Lillian Smith was one of the most powerful critics of segregation in her time. She was, really, way ahead of her time. I think she represents in the strongest terms the most idealistic hopes that American democracy has ever been able to put forth. I do not know what she would think of us now.
In search of something else today I came across a speech she gave in 1960. It pays tribute to the four students responsible for the original Greensboro sit-in, which was 45 years ago this month. In honor of our friends coming over from Greensboro tomorrow, here's the start of it:
I am going to talk tonight of the spiritual crisis which the South and its people are facing. We have been in ordeal a long time and have had outbursts of violence and localized crises again and again: in Little Rock, in Montgomery, Clinton, Nashville, Tallahassee, and in other spots in the South.
But what we are now facing is not localized and cannot be. It is something different, something that has not happened in this country before; it has a new quality of hope in it; it is, I believe, of tremendous moral and political significance. Somehow it is involving not only students but all of us, and there is a growing sense that what we say or fail to say, do or fail to do, will surely shape the events that lie ahead.
This hour of decision--and it is that for the south, certainly--was precipitated on February 1, by a Negro student, age eighteen, a freshman in a college in Greensboro, North Carolina. He had seen a documentary film on the life of Gandhi: he had heard about Montgomery and the non-violent protests made there; he had probably listened to Dr. Martin Luther King--certainly he knew about him; he had his memories of childhood and its racial hurts: and he had his hopes for the future. But millions of southerners, young and old, and of both races, have had similar experiences. What else was there in this young student that caused him to be capable of his moment of truth? Courage, of course; and imagination, and intelligence--and enough love to respond to Gandhi's love of mankind, and enough truth-seeking in his mind to realize the meaning of Gandhi's teaching of non-violence and compassion and their redemptive and transforming power. Was this all the young man had? No, there was more: an indefinable, unpredictable potential for creating something new and lasting, and doing it at the right time. Every leader and every hero, and many artists and scientists, possess this talent for fusing their lives with the future. And yet, I doubt that the young man knew he possessed this special quality, or even now knows it.

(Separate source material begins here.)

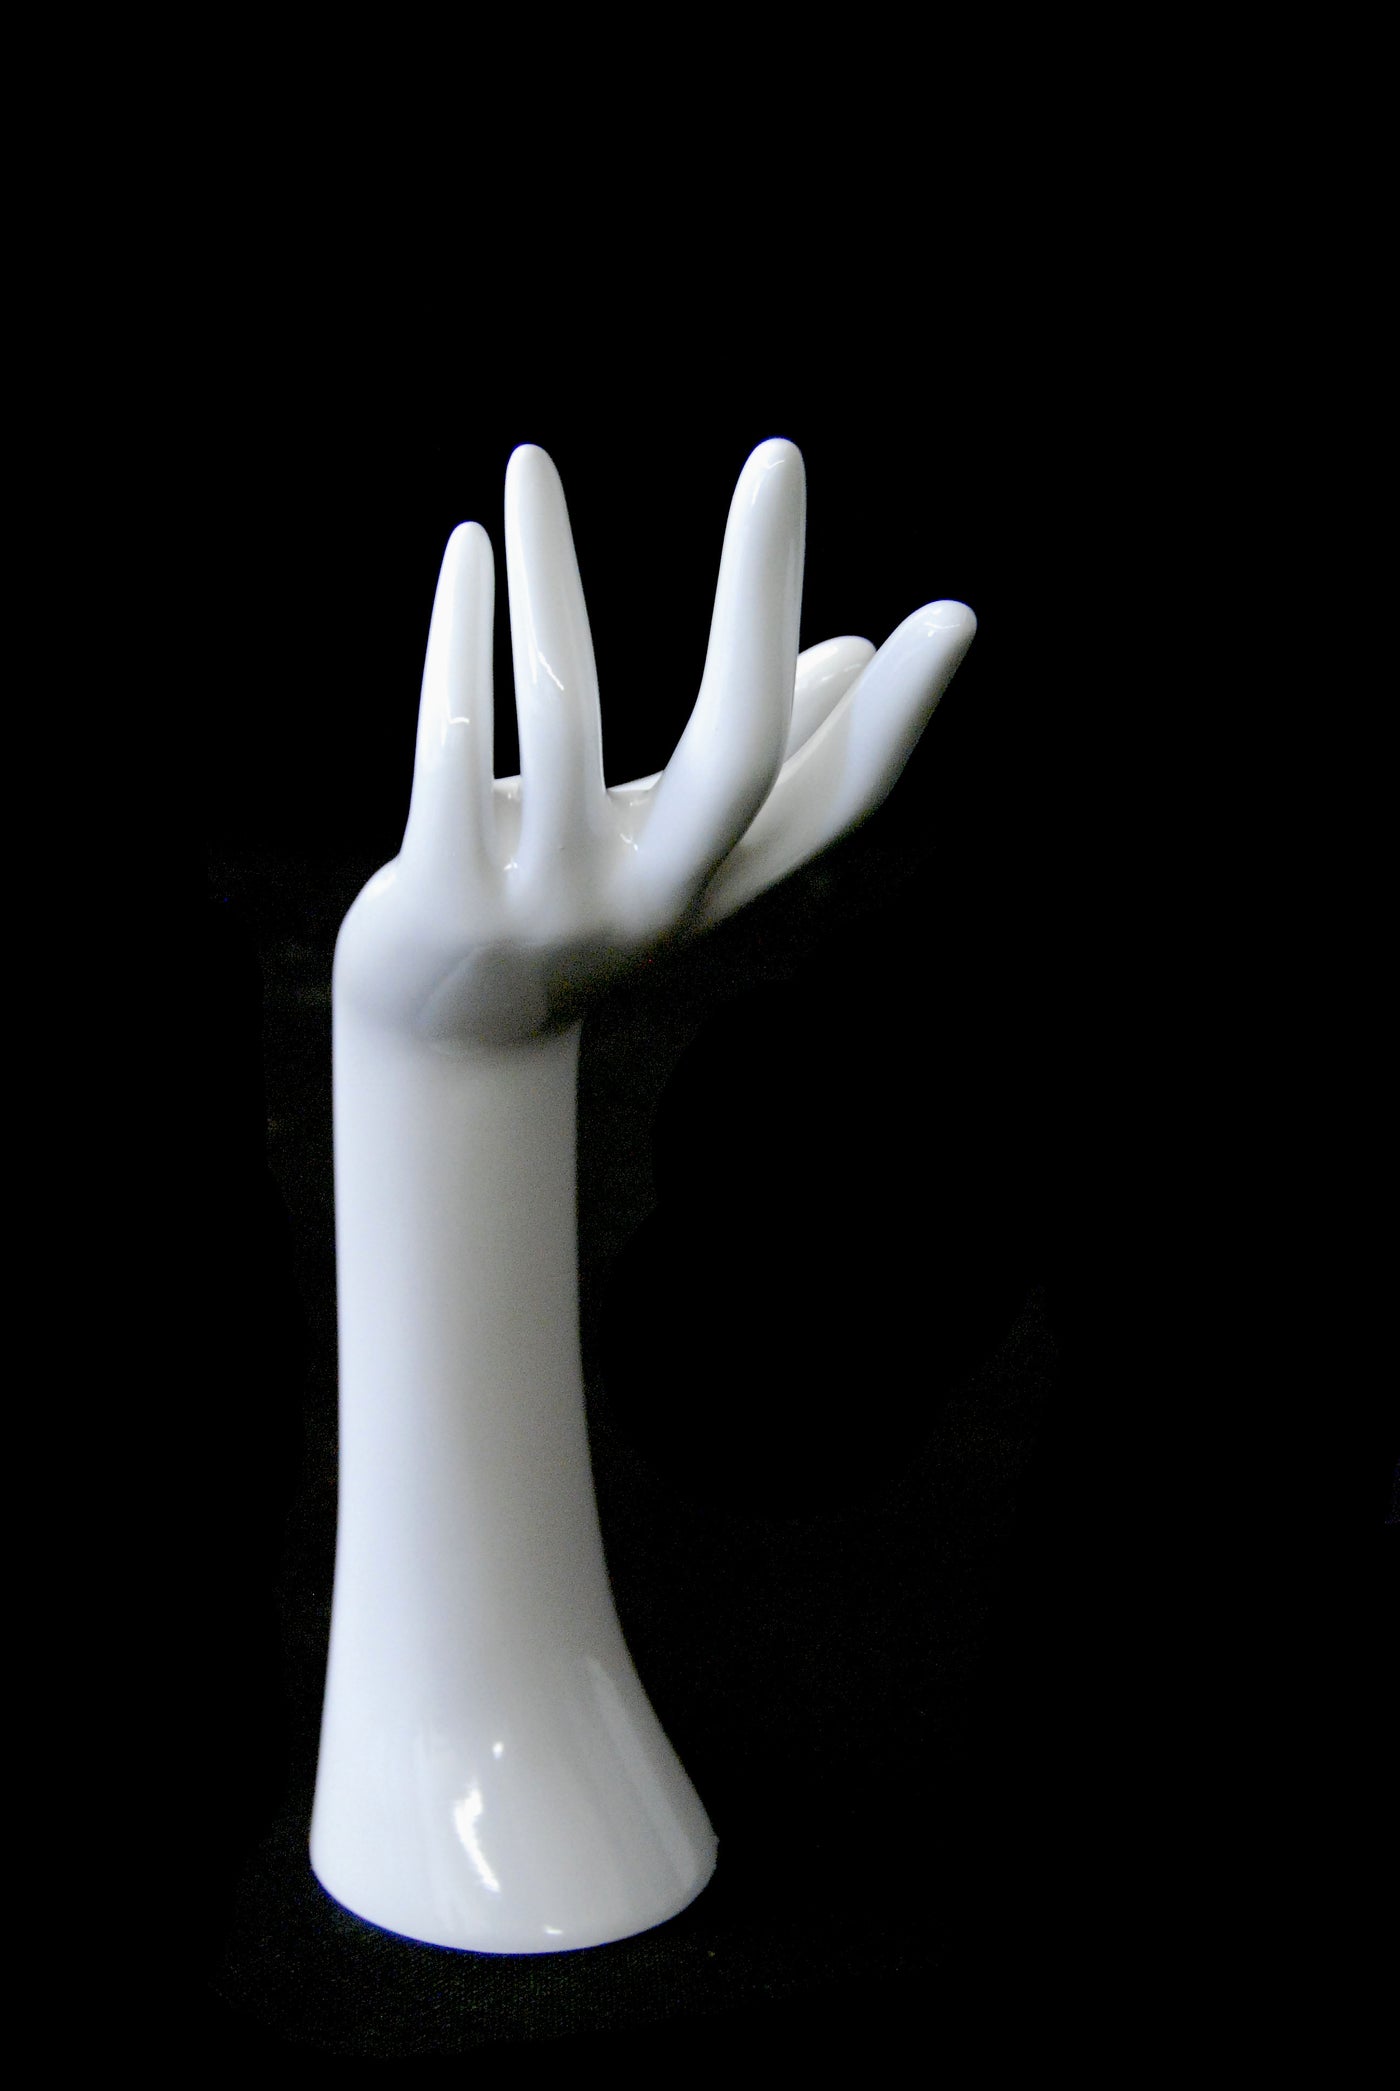 Jewelry Display Hand 1: Glossy White
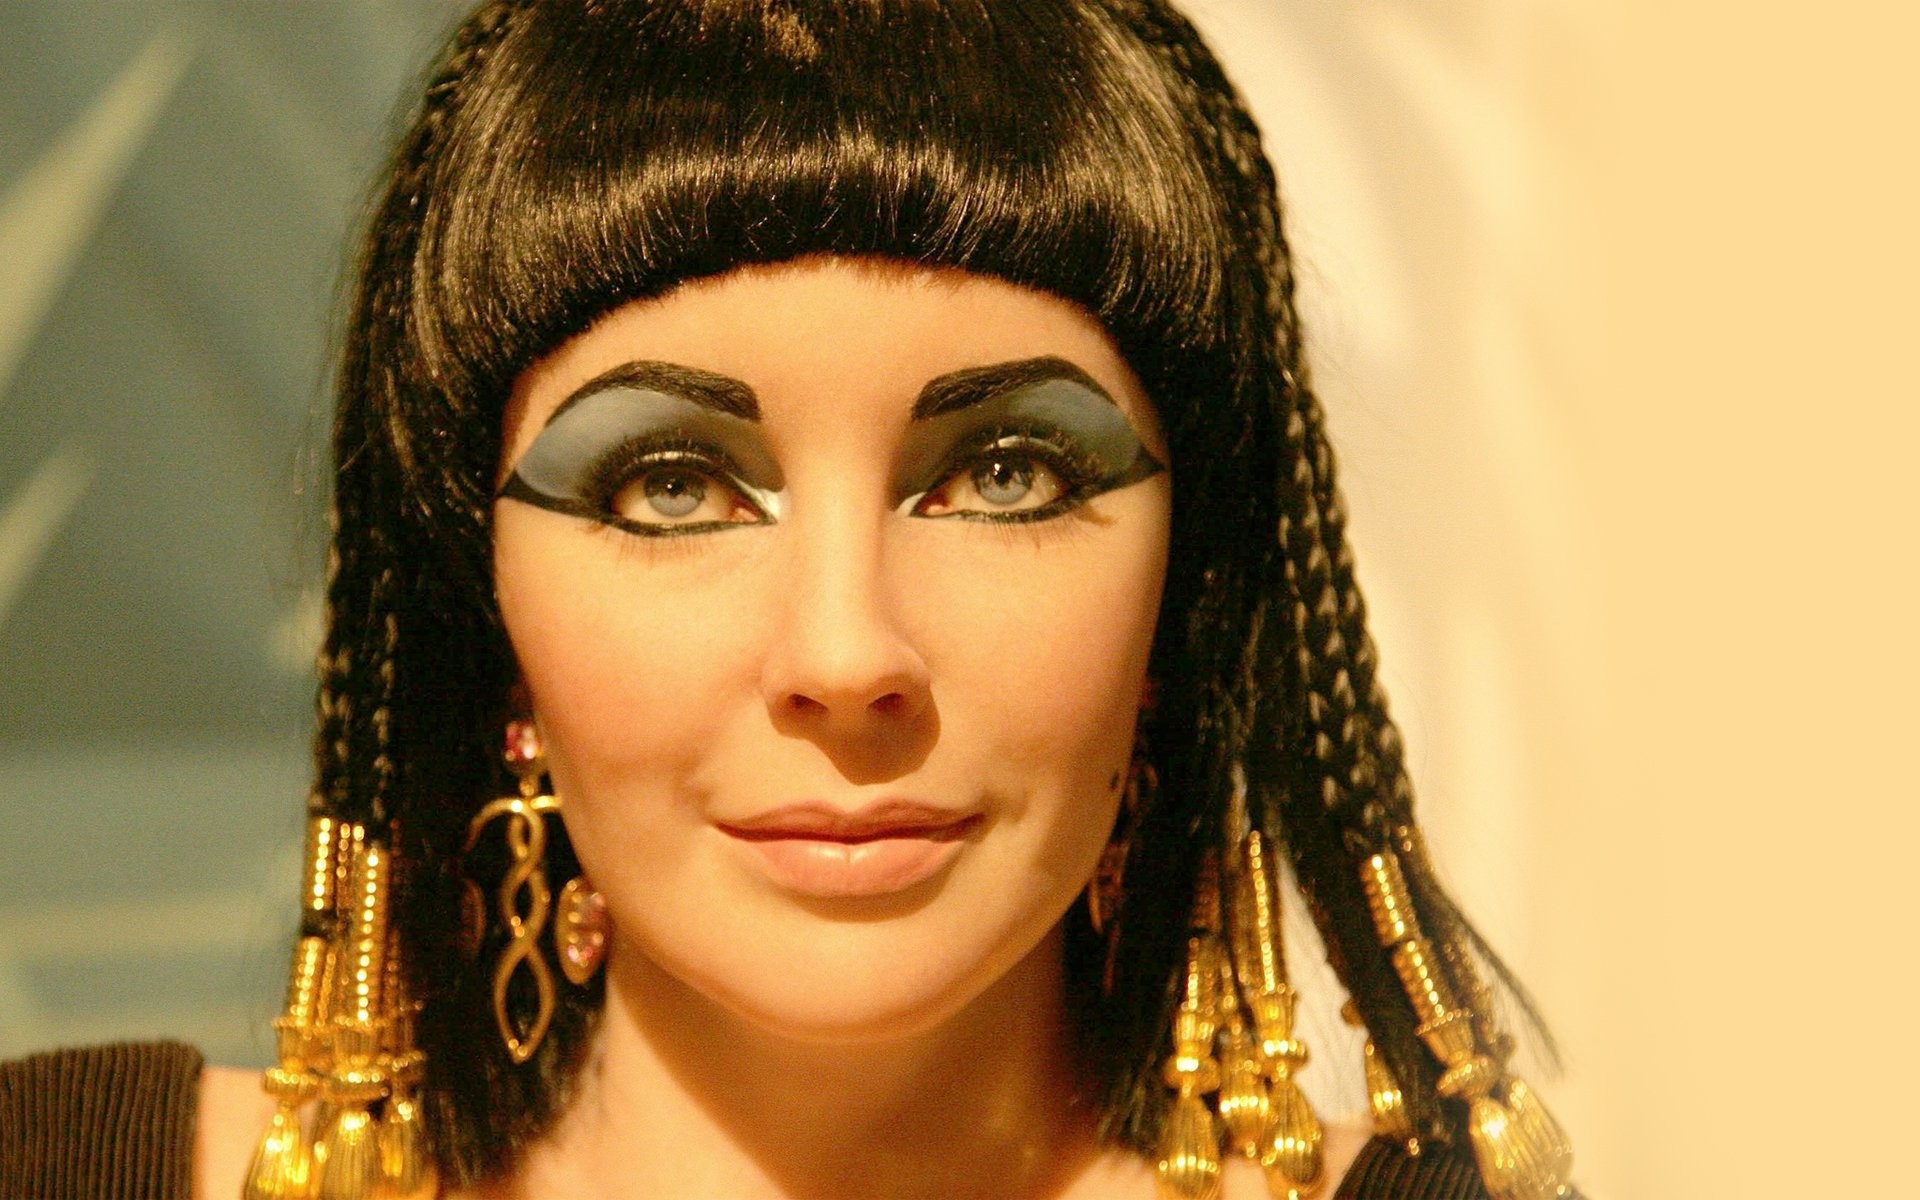 People 1920x1200 Cleopatra Elizabeth Taylor face women actress old photos film grain celebrity brunette makeup braids jewelry portrait closeup

In some strange way, however, his thoughts and memories and hopes came together and he talked about what was on his mind with three young friends. And a short time afterward, the four of them went on their historic journey to a Greensboro ten-cent store.
From this small beginning, this almost absurd beginning, so incredibly simple and unpretentions that we Americans--used to the power of big names and money and crowds and Madison Avenue and Gallup polls--can scarcely believe in it, there started the non-violent students' protests which have caught the imagination of millions of us.
Then after she goes on to talk about the costly silence of prior generations, about the "terrible price" they paid "for a security which they believed segregation could give them," she concludes:
We, as a region, can have our moment of truth only when we begin to think of ourselves not as members of races but as persons; we can take the walls down outside only by taking the walls down within us. Then it will come. And it will be a healing time for us, and perhaps the whole world, for we are so sensitized to one another, so closely related by the common purpose of creating a future, that whatever brings wholeness to us will bring wholeness to millions of others across the world.
Perhaps, even now, our moment of truth is near; let's pray that it does not turn into an agonizing time of sin and error.
--All Souls Unitarian Church, Washington, D.C., April 21, 1960.